Sleepy Hollow: Somehow, a play about child molesters in a futuristic prison is a bore

Oct 3, 2013 at 4:00 am
Jeff Kargus and B. Weller in Lonesome Hollow.
Jeff Kargus and B. Weller in Lonesome Hollow. John Lamb

Union Avenue Christian Church's basement theater has been transformed into a sunny green sward with a precise labyrinth of partially buried bricks in the center. Here in this meditation space, unrepentant child molesters and their vicious caretakers struggle with their personal demons and each other as the sex criminals wait for the day they'll be released back into society.

The wrinkle in Lee Blessing's Lonesome Hollow is that these criminals have already served their sentences. They're free men still imprisoned, thanks to new legislation which allows private companies to retain offenders in legal limbo in what are essentially for-profit concentration camps because society doesn't want them back. Hence the labyrinth, which gets a heavy workout as a symbol and metaphor for during this overlong one-act play.
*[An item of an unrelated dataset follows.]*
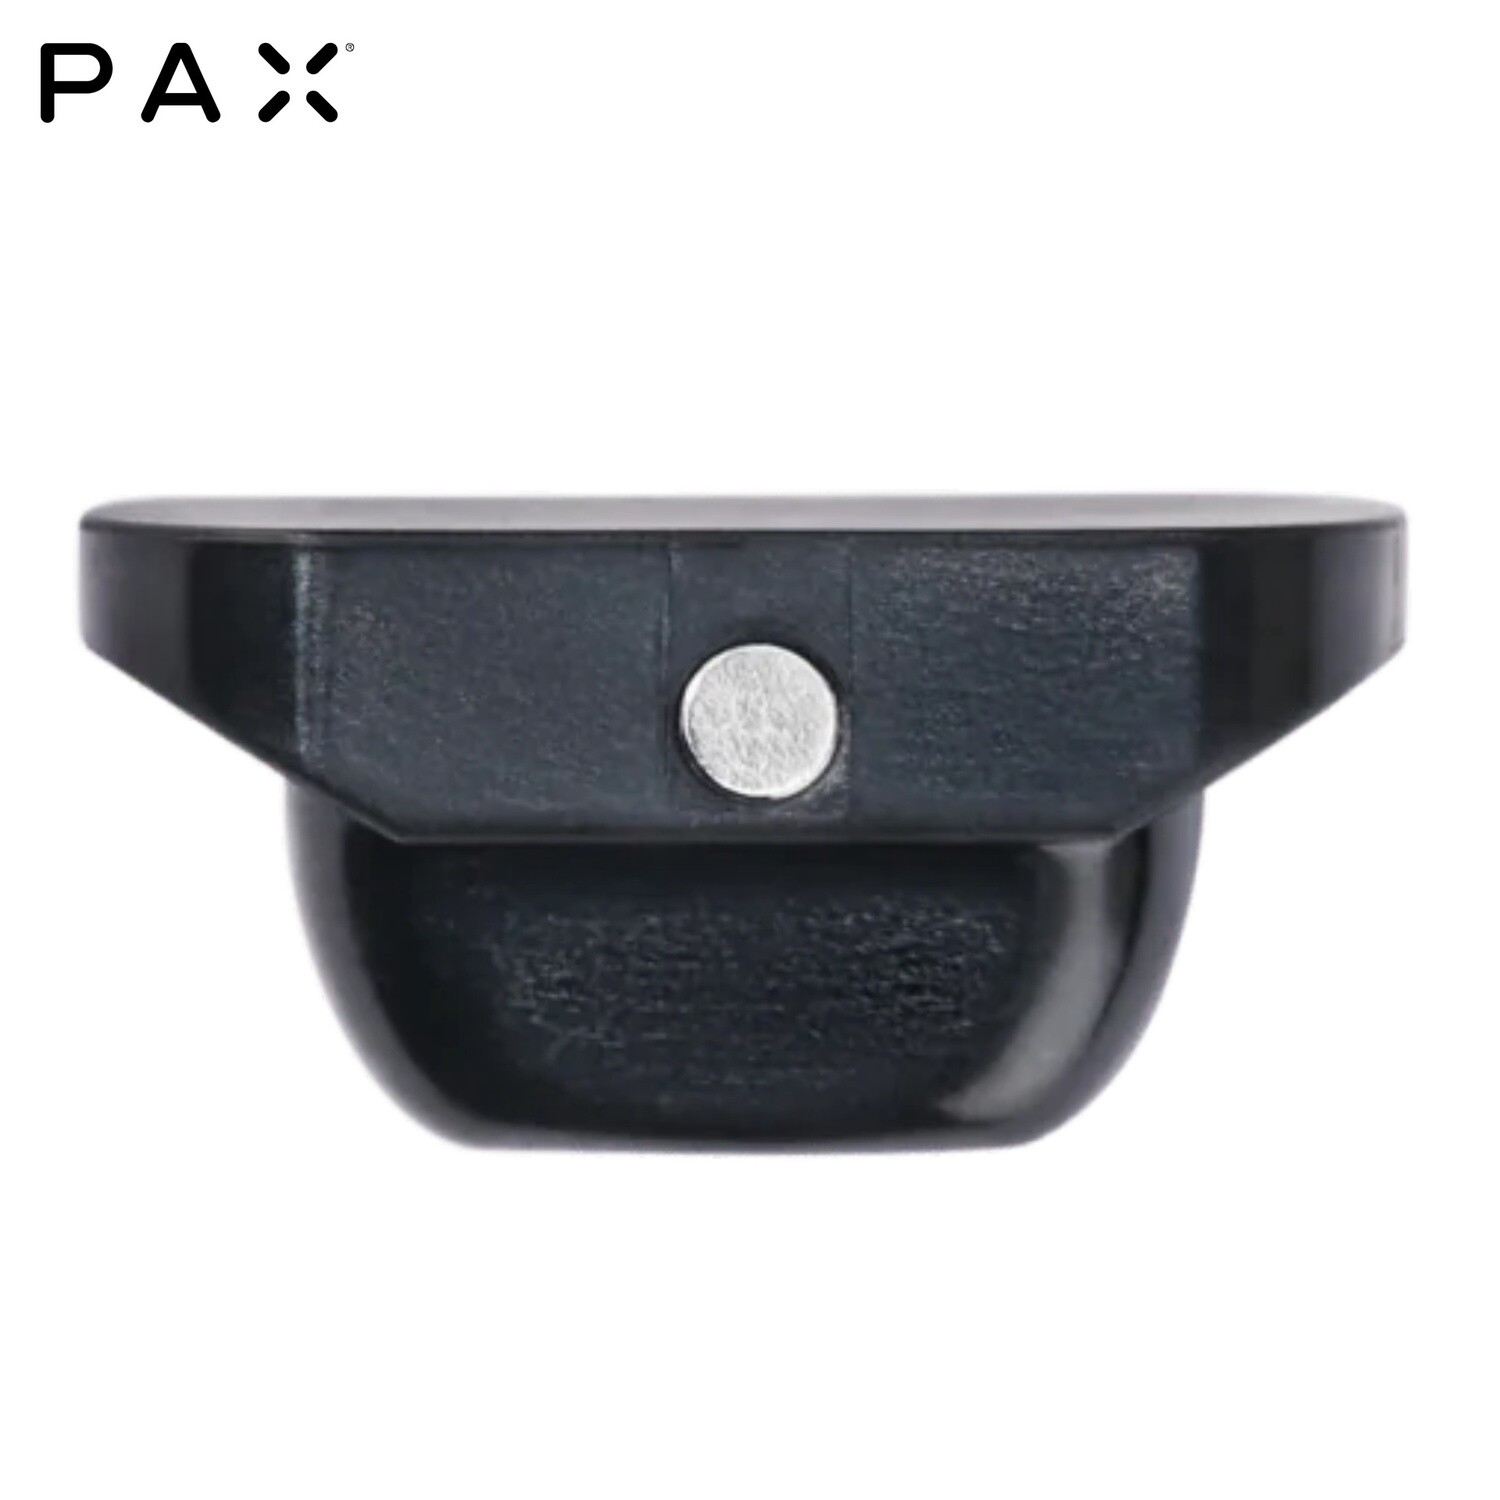 PAX® Half Pack Oven Lid

Tuck (Jeff Kargus) is the builder of the labyrinth, and he's well aware of what it stands for. This former fine-art photographer offers up a lengthy exposition of its origin as a substitute for a penitential pilgrimage to Jerusalem during the Middle Ages that sounds more like a school presentation than thoughtful speech. That's more Blessing's problem than Kargus'; it's an awkward string of words that sounds pretentious and rings false, and it's one of several such artificial passages in Lonesome Hollow.

Tuck is here because he photographed underage nude girls. He also slept with one of them, an act he genuinely regrets — hence his construction project. Blessing sets up Tuck as a symbol of the unfairness of these new laws, a counterpoint to the much more evil Nye (B. Weller), who violently and apologetically abused young boys. Weller brings a feral rage to Nye, a man who knows what he did is heinous but also knows he's never going to stop doing it. Tuck is further victimized by Mills (Elizabeth Graveman), a nasty caretaker who's awfully quick with a Taser. Mills has a fondness for Tuck that's rooted in her secret passion for his photographs, which leads them both into some dark places.

Above them all is Glover (Mark Abels), the preternaturally calm psychologist/administrator of this facility. Behind his mien of professional disinterest, Glover is as ruthless as Nye. The slow realization that the watchers are as twisted as their charges is one of the few interesting developments in Lonesome Hollow, and it's mostly because of Abels. He plays it phenomenally cool, a pleasant smile never far from his lips as he psychologically dissects these men and casually has them tortured. Glover brushes aside Nye's concerns about the legality of privatized detention with the downright chipper explanation, "If you can get the people behind you, you can make anything a crime. That's called 'democracy.'"

Blessing justifies quite a bit of what happens here as being the will of the people. It's true that sex offenders are not high on the list of beloved citizens, and that camps of them are currently gathered on the outskirts of cities and towns because of their unique residency restrictions. Maybe it's unfair; maybe society owes them a solution. Lonesome Hollow doesn't come down on any side of the issue, however, because its only purpose is to provoke thought and discussion. But after two hours, Lonesome Hollow feels more like a case of talking loud and saying nothing.